Cladoceran Responses to Environmental Change in High Elevation Andean Lakes

Abstract

Andean lakes are hotspots of biodiversity and serve as critical freshwater resources for millions of people. However, little information is available regarding their ecological responses to anthropogenic climate change, which is occurring rapidly in the Andes. Recent paleolimnological work has revealed marked shifts in diatom species in relation to enhanced water column stratification, caused by warming air temperatures and declining wind speeds. However, the response of higher trophic order consumers in the lakes is not well understood. A paleolimnological examination of Cladocera from four lakes in Cajas National Park, southern Ecuador, recorded relative increases in Daphnia and decreases in Bosmina during the period of recent warming. Cajas lakes were formerly believed to be polymictic, however many now thermally stratify by several degrees for large portions of the year. The deployment of temperature data loggers in four Cajas lakes revealed maximum thermal stratification between November to May, when air temperatures were highest and wind speeds were lowest.
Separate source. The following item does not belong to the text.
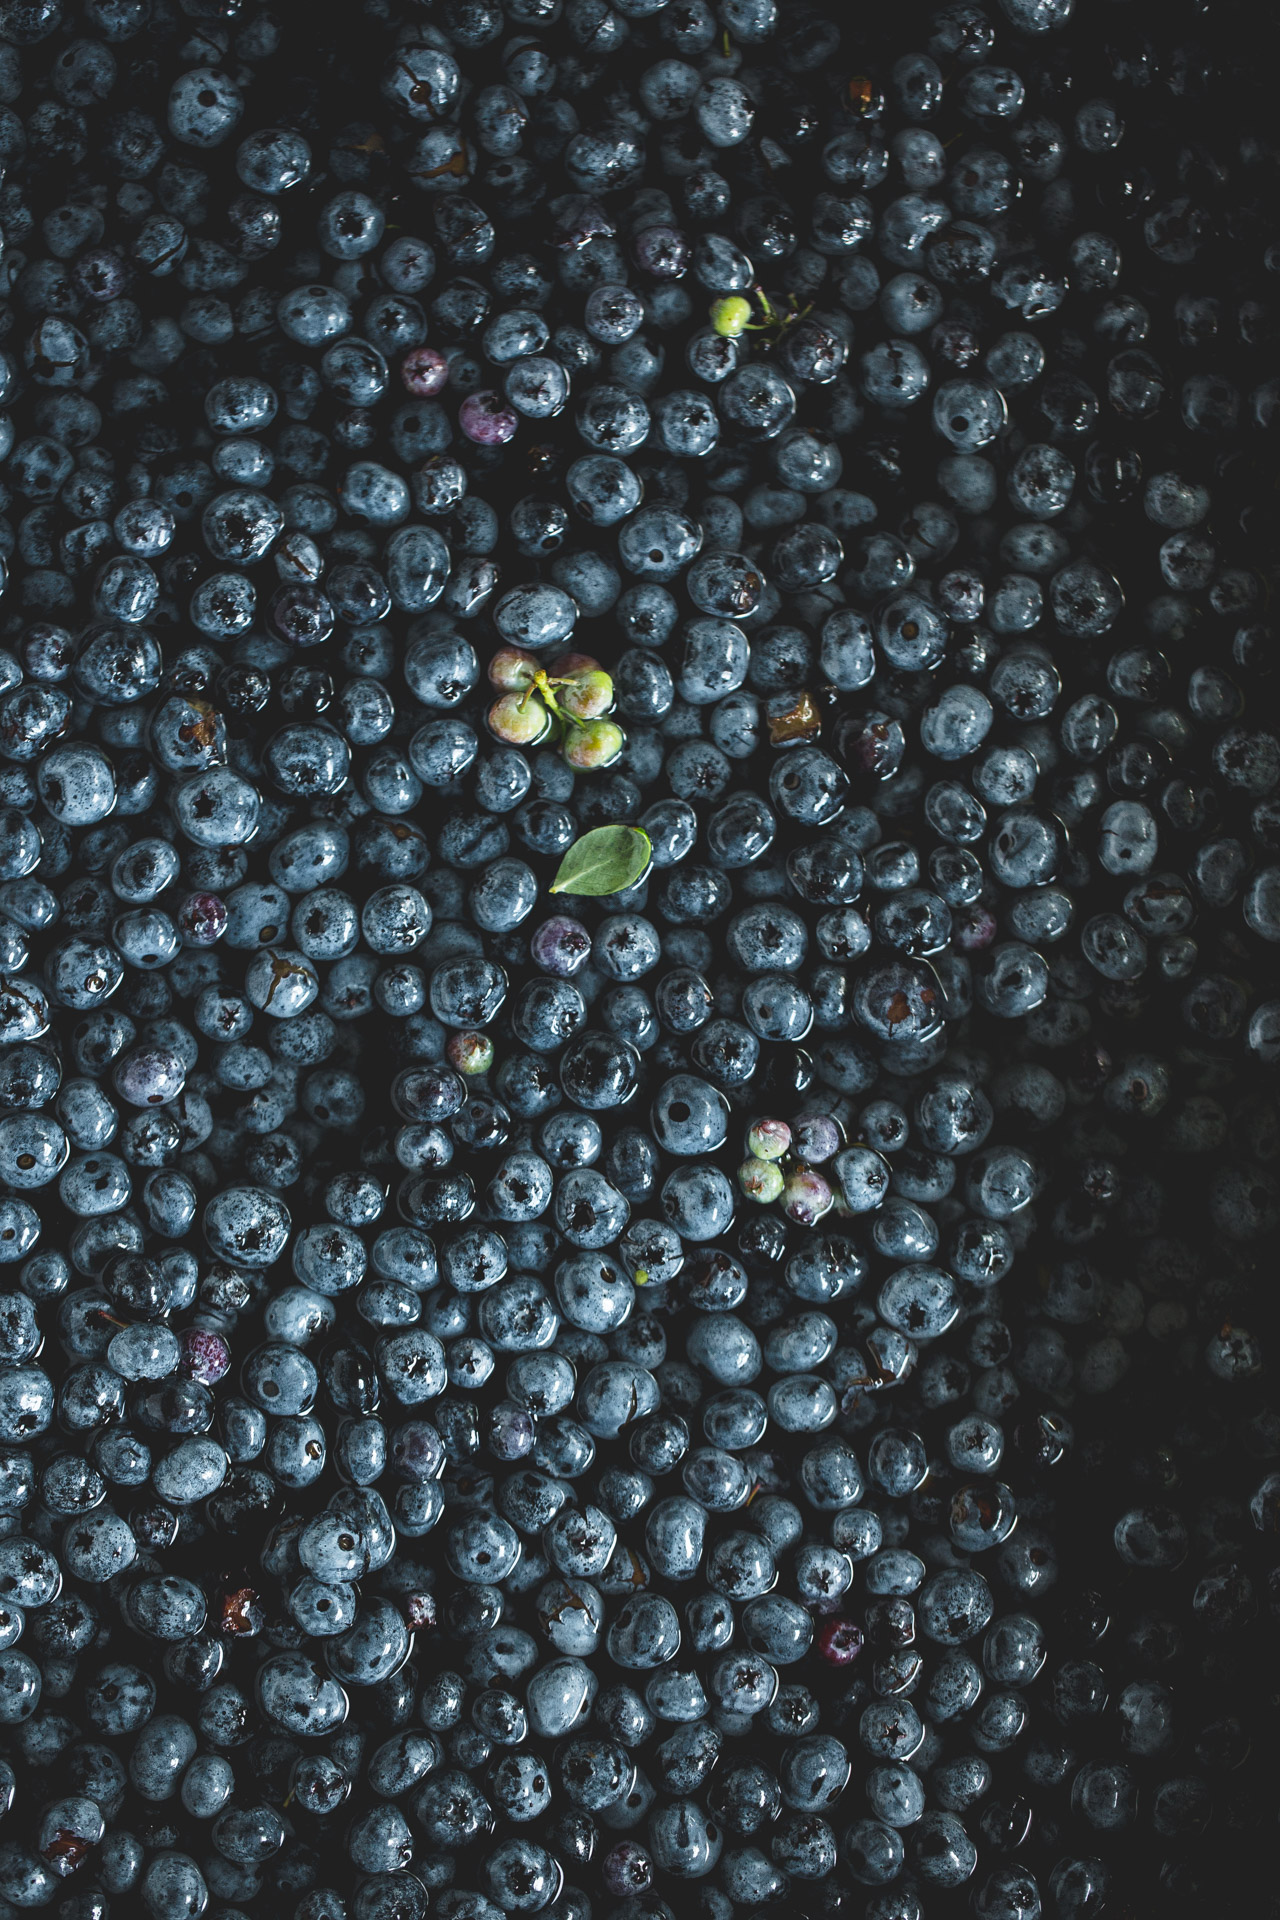 fresh blueberries floating in sink of water

The mechanism driving cladoceran assemblage shifts is likely a combination of direct thermal response, as well as indirect bottom-up (food supply) and top-down (predation) factors. In a further examination of three shallow (< 5 m) non-stratified Cajas lakes, climate-related cladoceran shifts did not occur, though long-term assemblage changes appeared to track size of the littoral area, perhaps reflecting water level shifts caused by catchment alteration and/or precipitation shifts. To determine climate change impacts elsewhere in the Andes, three non-stratified lakes were examined from the Cordillera Vilcanota, Peru. The cladoceran assemblages from the two deepest lakes showed marked shifts in the past (i.e., > 150 years ago), possibly related to glacier activity and water level changes. However, none of the three lakes experienced marked cladoceran shifts over the past century, despite climate stations ~60–70 km away recording temperature increases. The relatively stable assemblages over the last century may be due to the lack of thermal stratification, caused by a climate-moderating effect from nearby glaciers. Collectively, this thesis provides among the first paleolimnological cladoceran data from the Andes and highlights the potential importance of lake stratification and related limnological changes in driving cladoceran assemblage composition.